Below is a listing; retype exactly the lines between the one containing "The 19th Hole" and the one containing "Photo 8 of Canal", inclusive, minus the pictures.

##### Data supplied

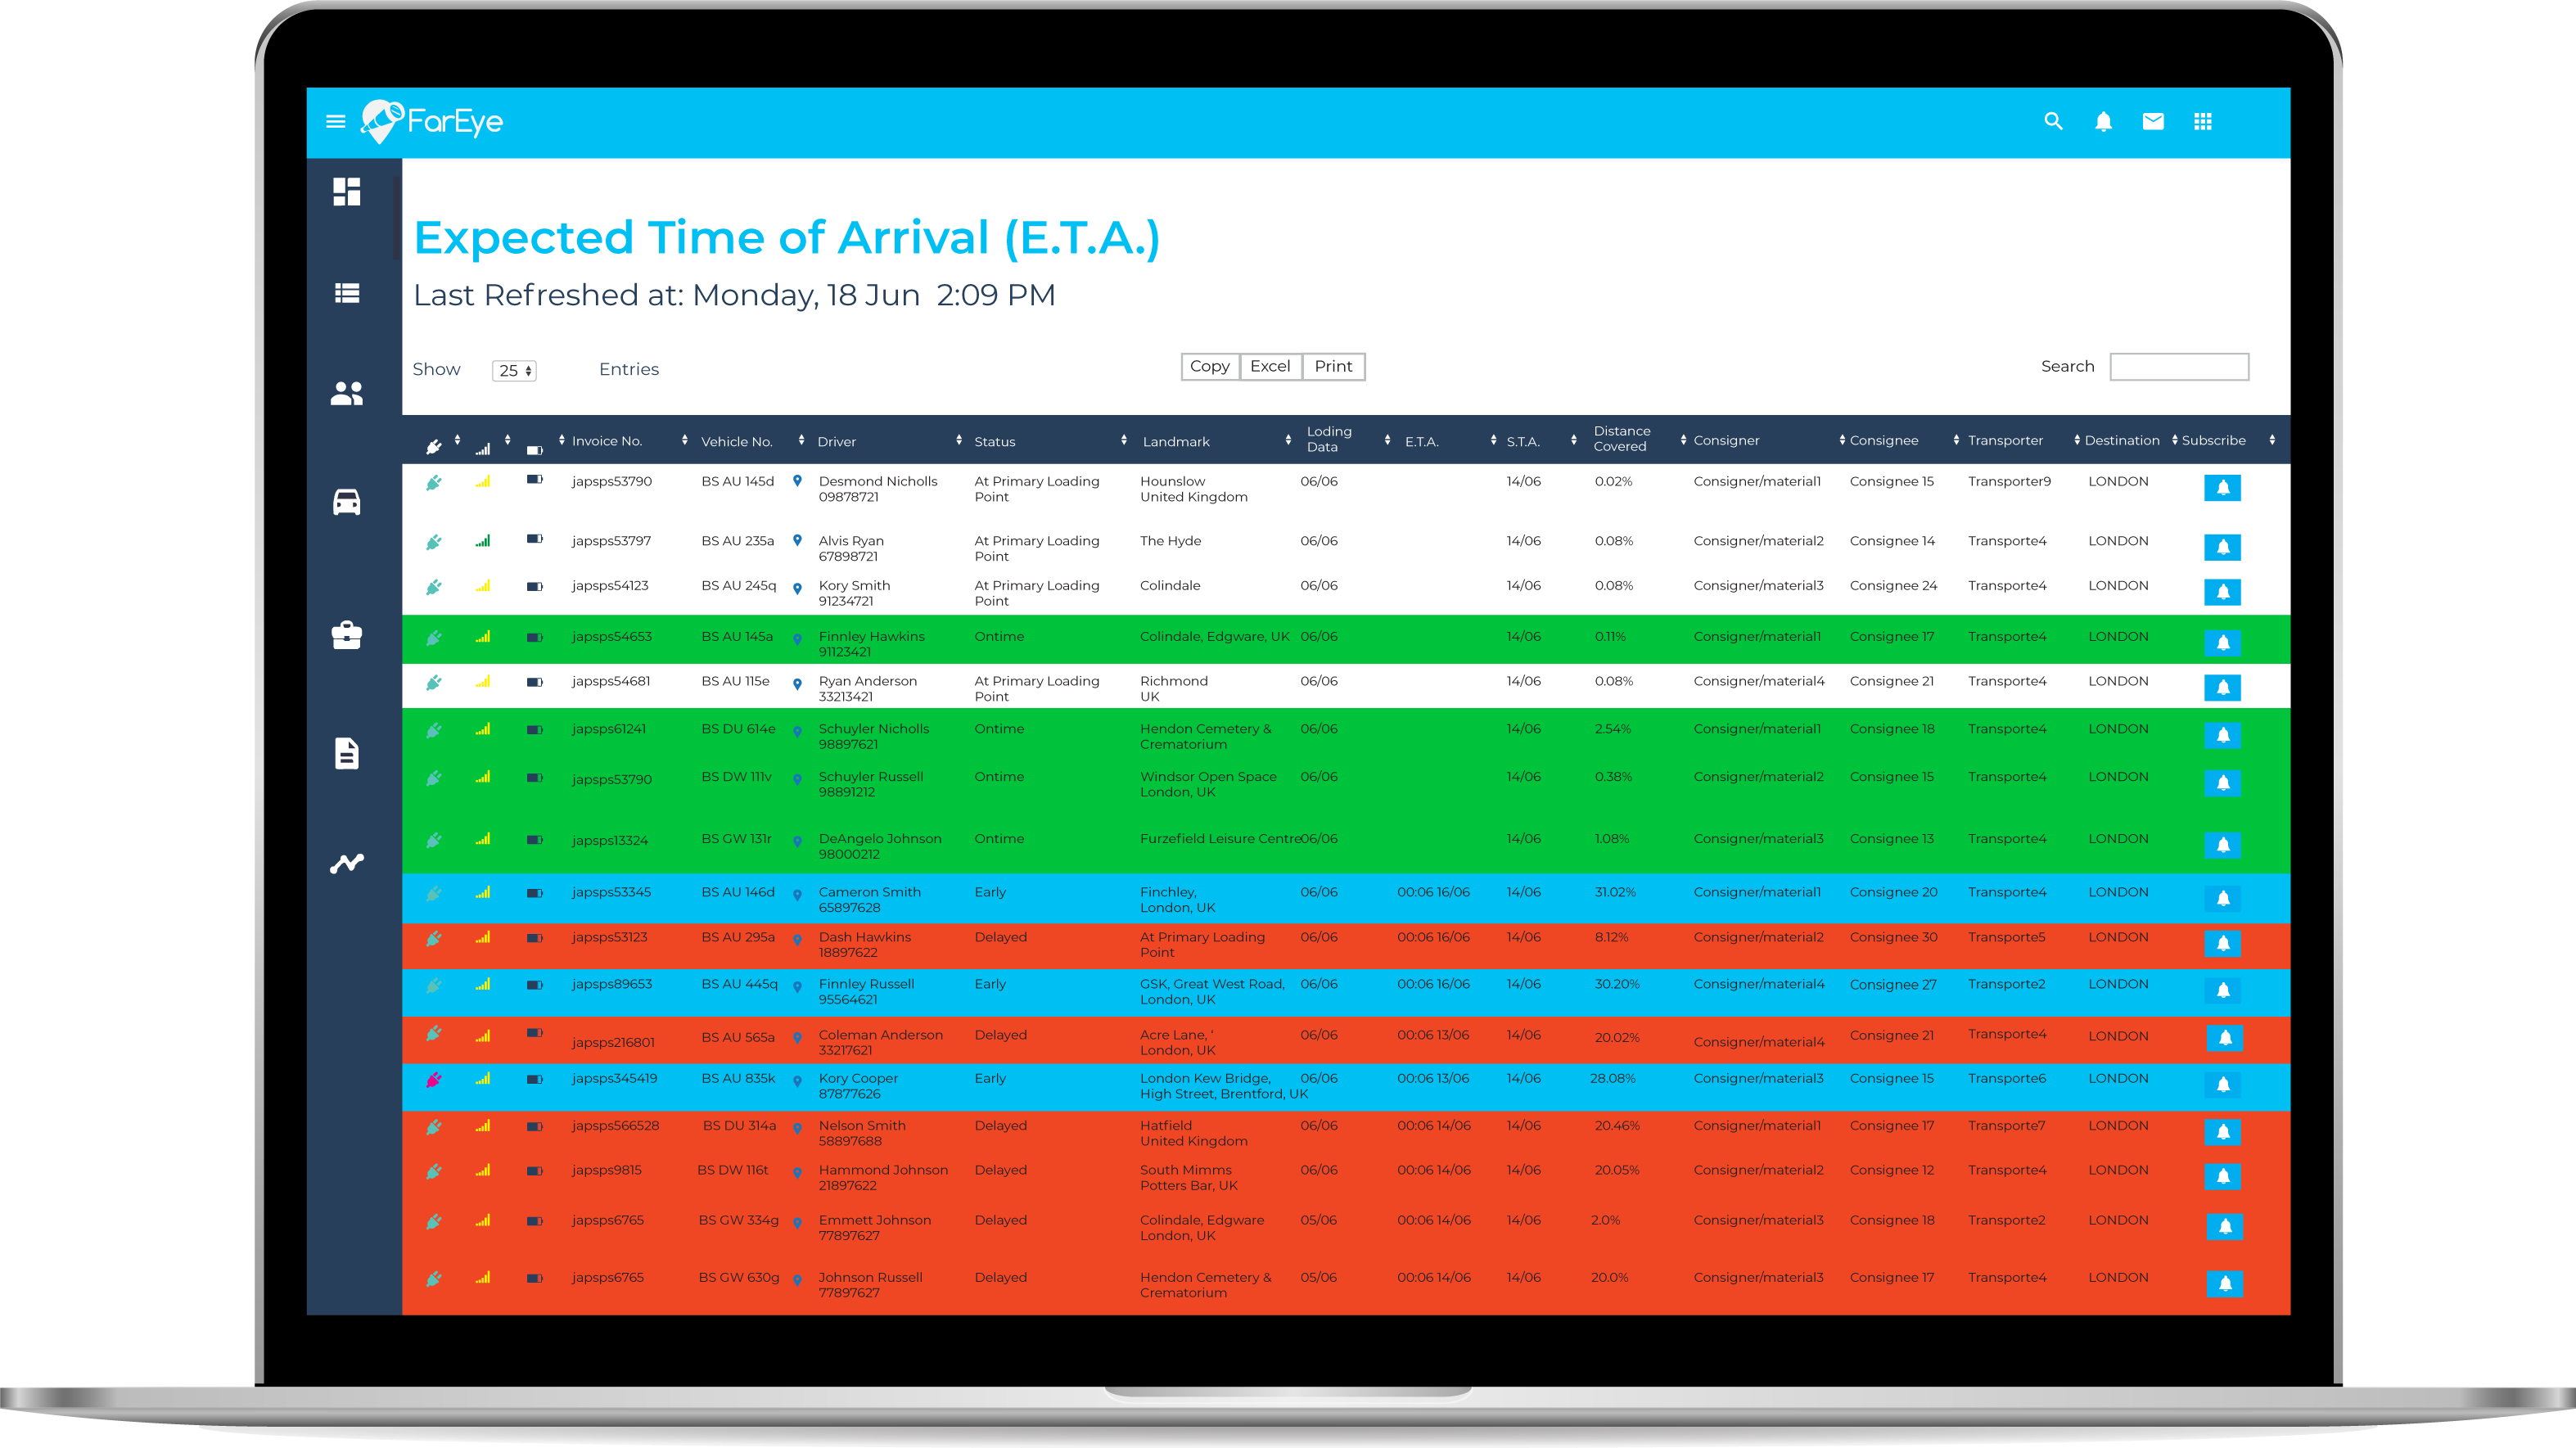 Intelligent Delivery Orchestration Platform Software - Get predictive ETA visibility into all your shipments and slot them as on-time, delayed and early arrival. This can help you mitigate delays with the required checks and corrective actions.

##########
##### Data supplied

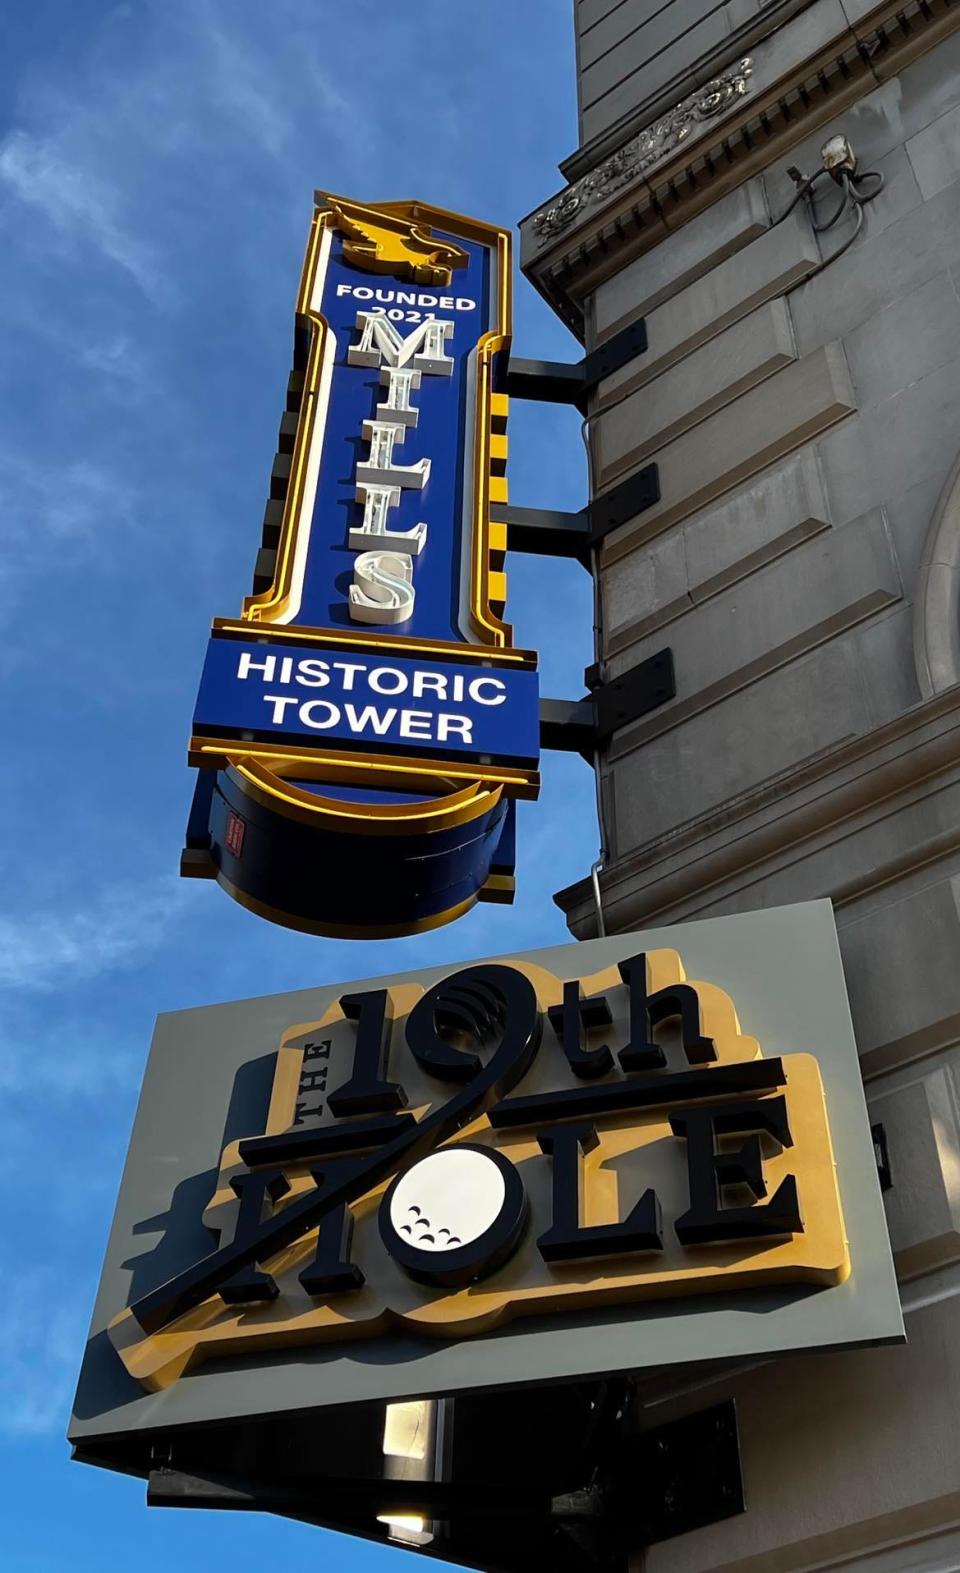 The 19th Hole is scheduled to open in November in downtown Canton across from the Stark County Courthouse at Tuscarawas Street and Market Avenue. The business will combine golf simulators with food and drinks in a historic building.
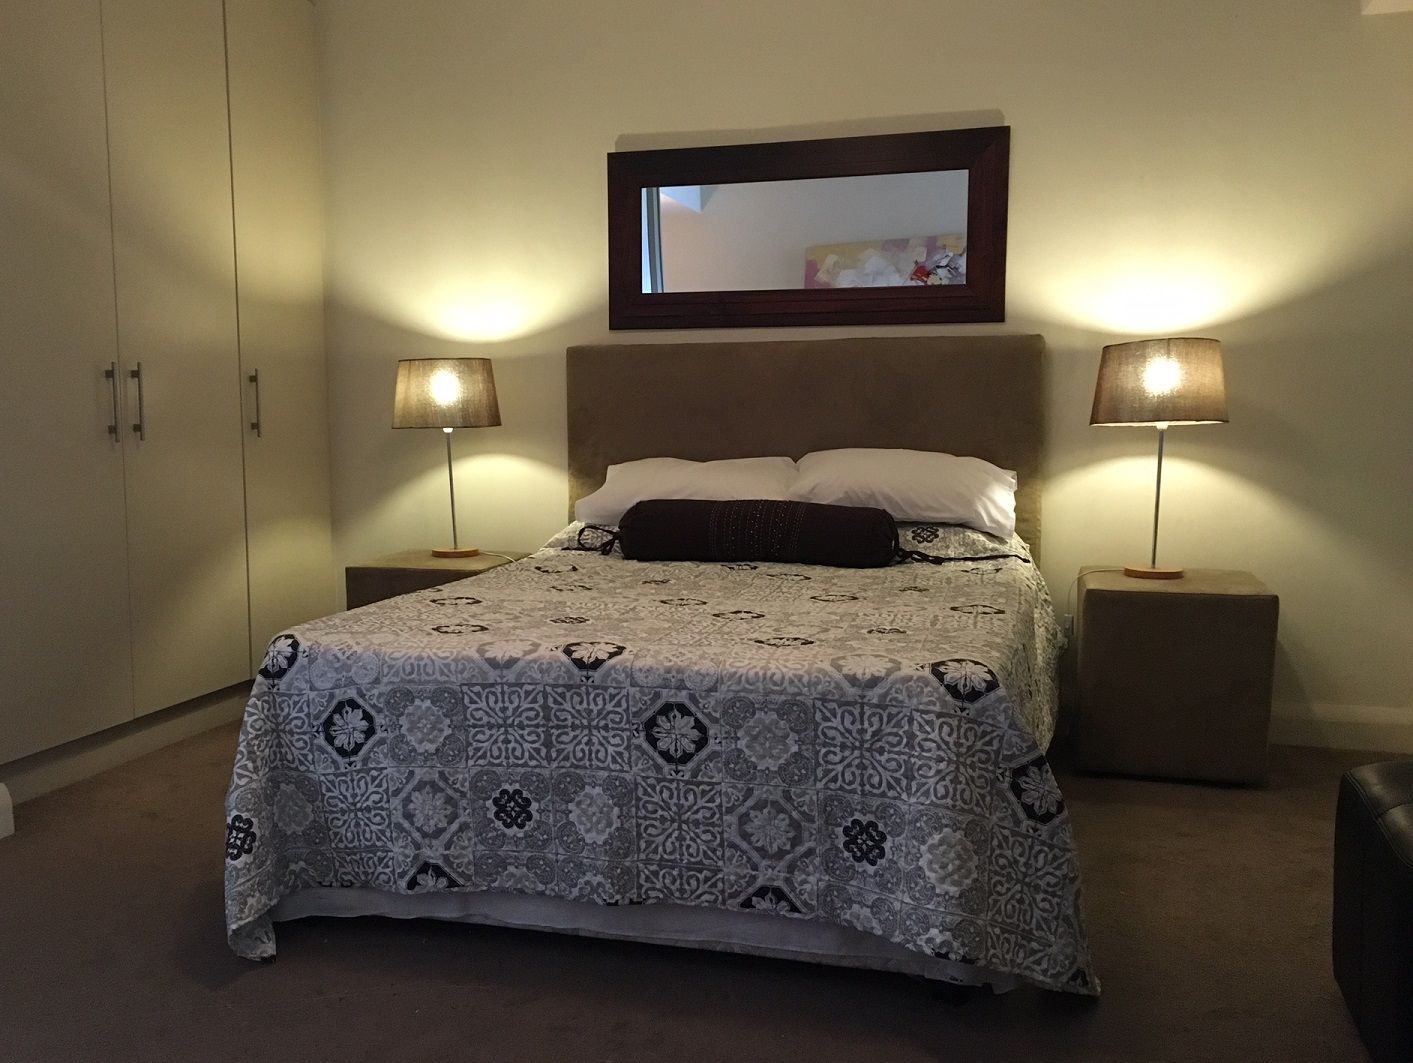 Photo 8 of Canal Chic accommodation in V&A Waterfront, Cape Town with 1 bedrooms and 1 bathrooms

##########

Problem solution —
 The 19th Hole is scheduled to open in November in downtown Canton across from the Stark County Courthouse at Tuscarawas Street and Market Avenue. The business will combine golf simulators with food and drinks in a historic building.
 Photo 8 of Canal Chic accommodation in V&A Waterfront, Cape Town with 1 bedrooms and 1 bathrooms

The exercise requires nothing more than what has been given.